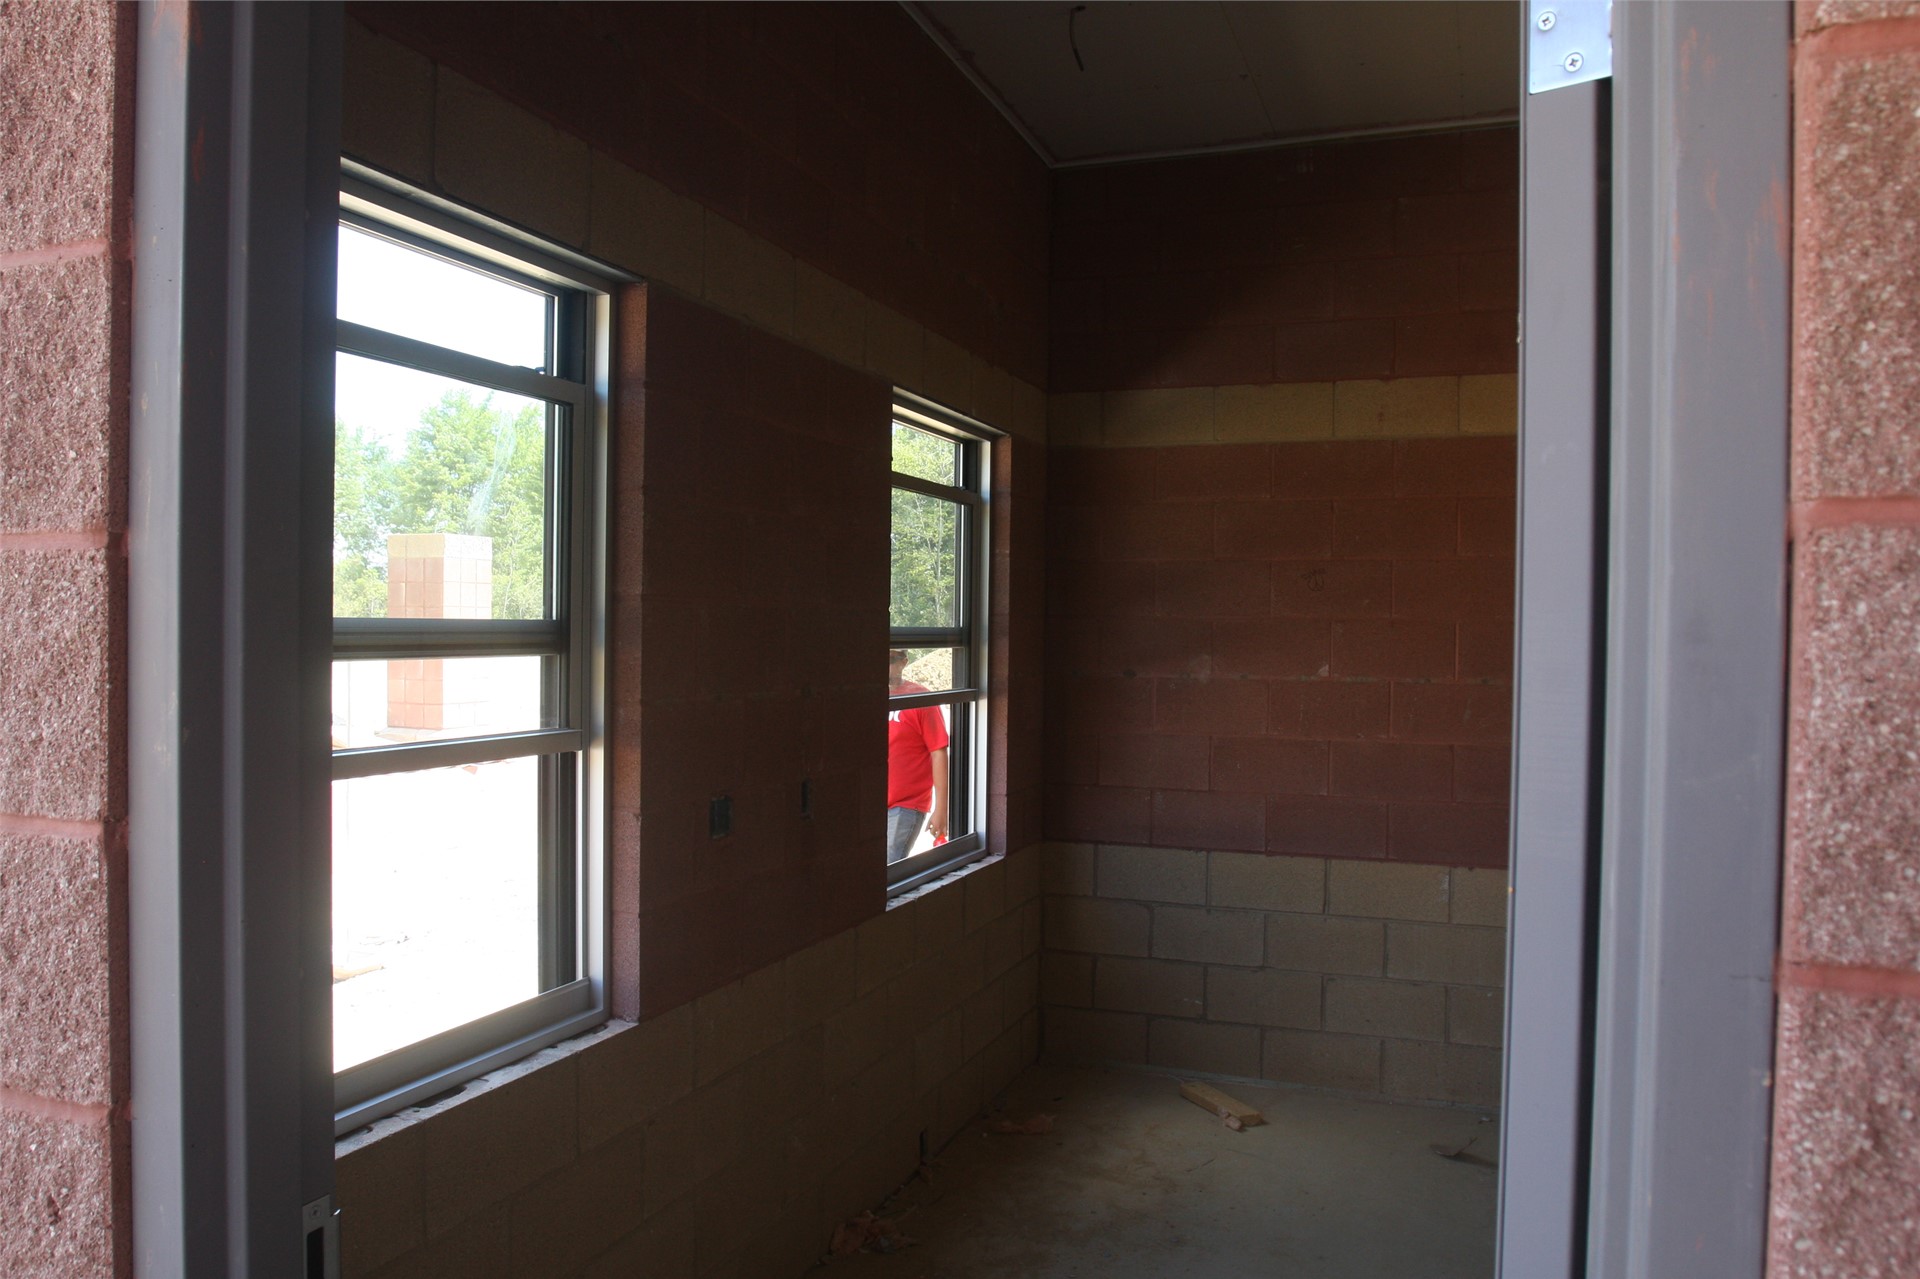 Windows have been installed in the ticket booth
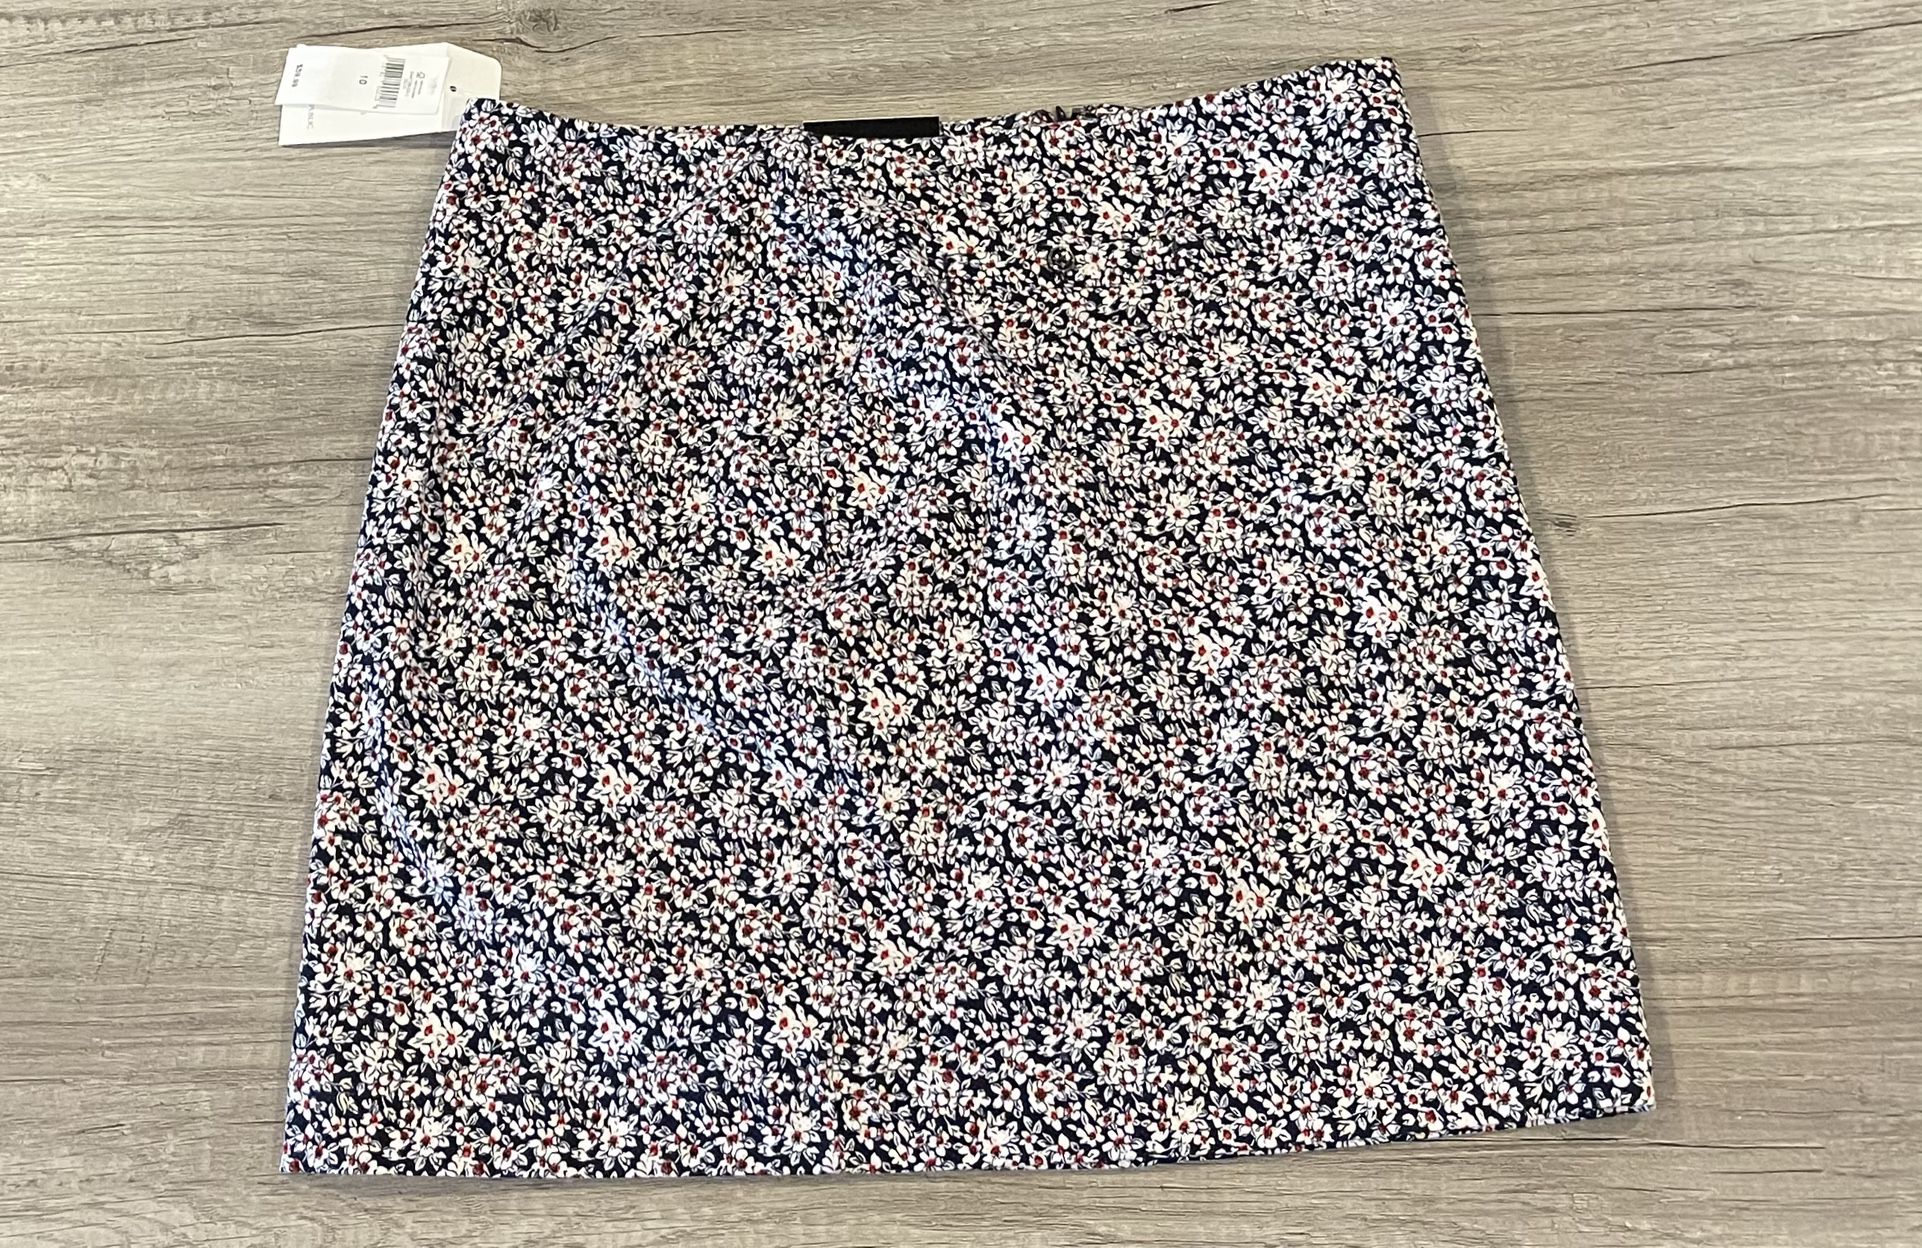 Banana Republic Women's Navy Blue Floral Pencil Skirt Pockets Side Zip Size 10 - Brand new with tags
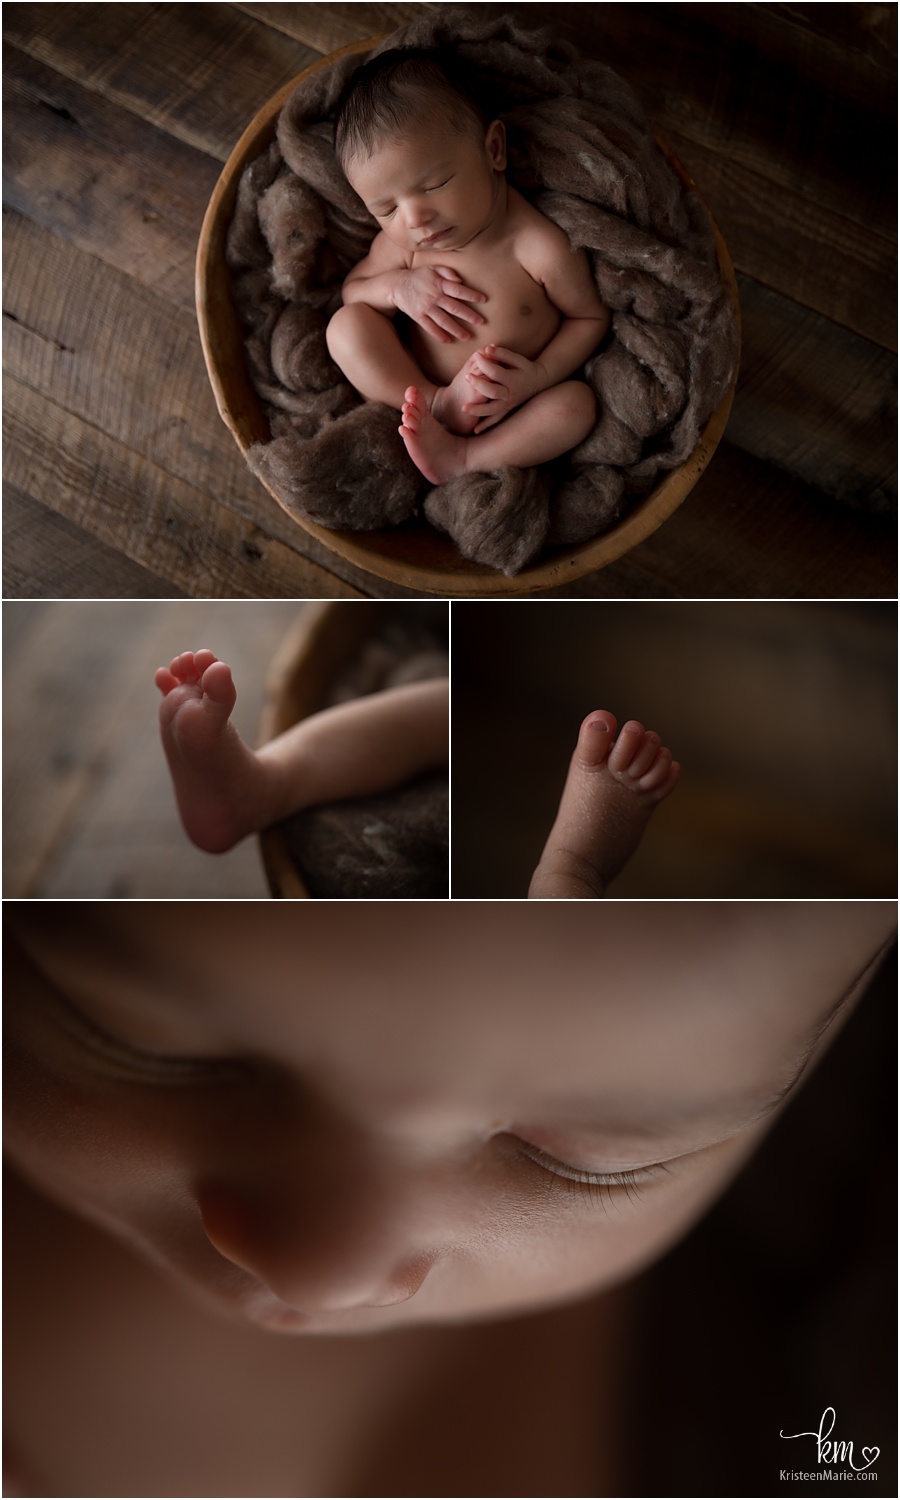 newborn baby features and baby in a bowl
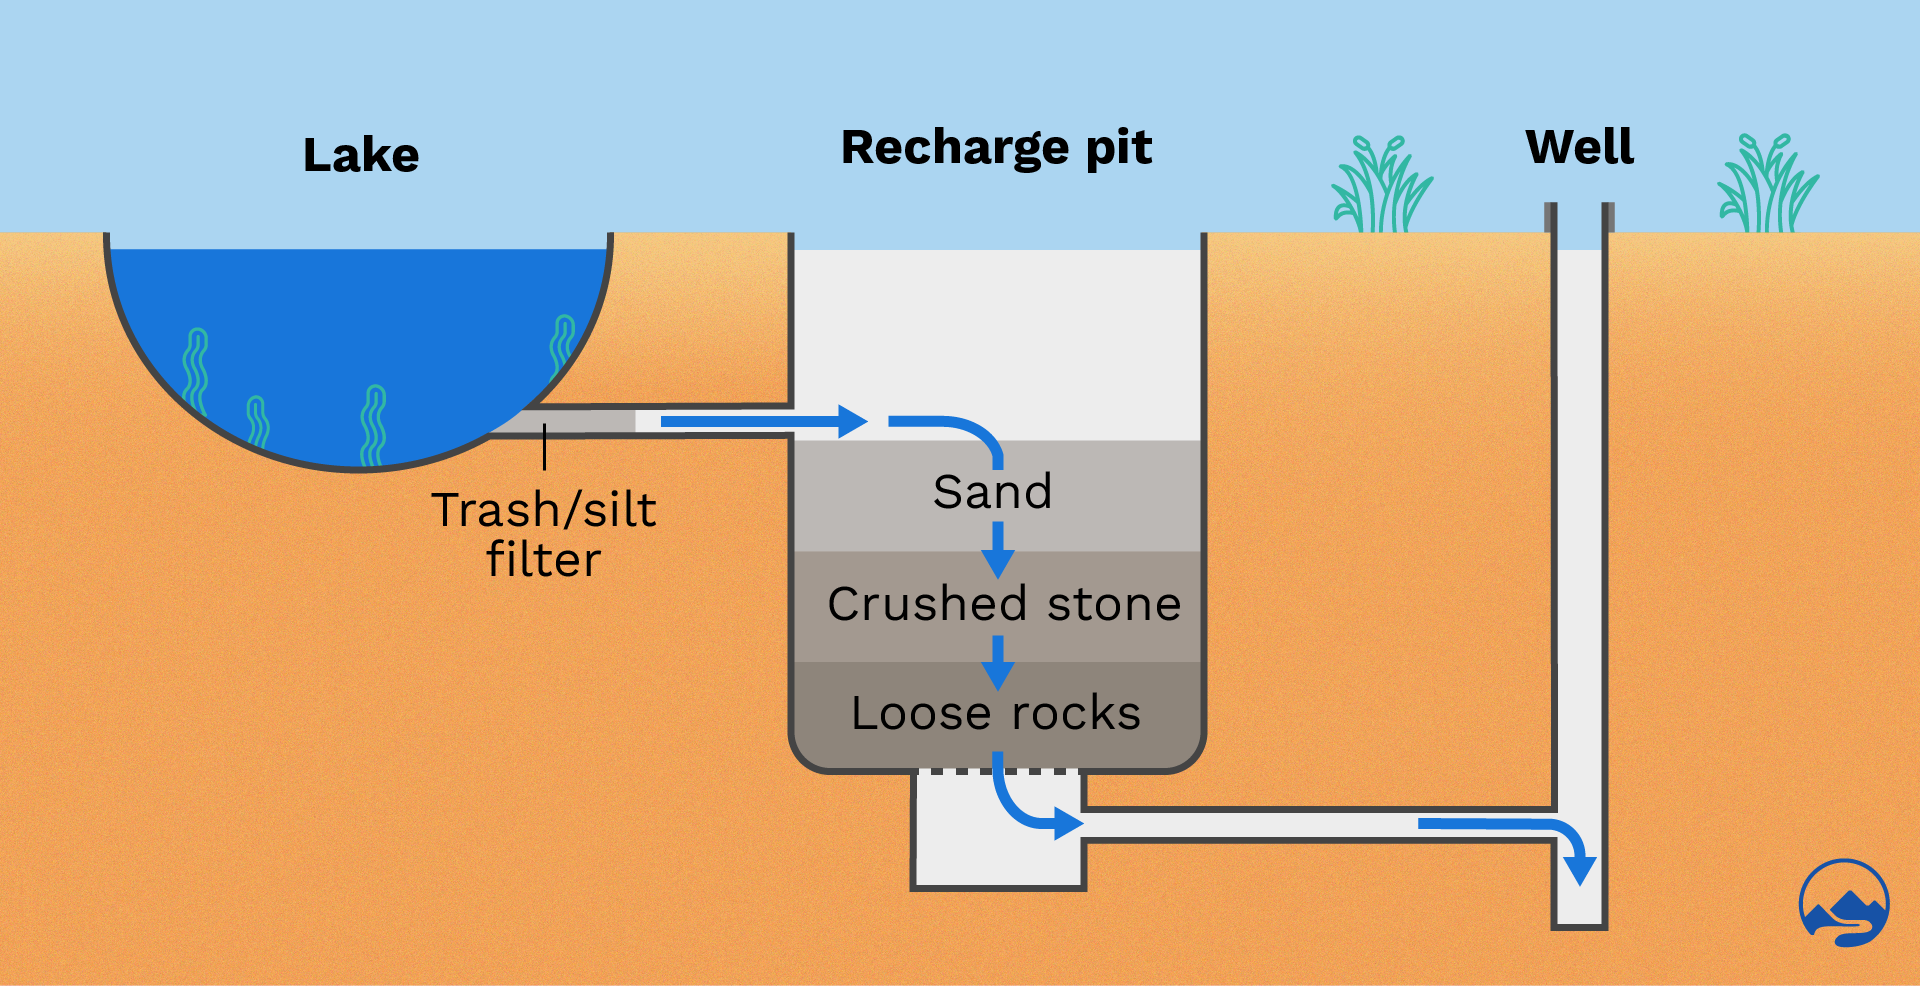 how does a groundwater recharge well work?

Work task:
The result should be the full listing, retyped exactly and free of pictures.

Output for this task:
 Windows have been installed in the ticket booth
 Banana Republic Women's Navy Blue Floral Pencil Skirt Pockets Side Zip Size 10 - Brand new with tags
 newborn baby features and baby in a bowl
 how does a groundwater recharge well work?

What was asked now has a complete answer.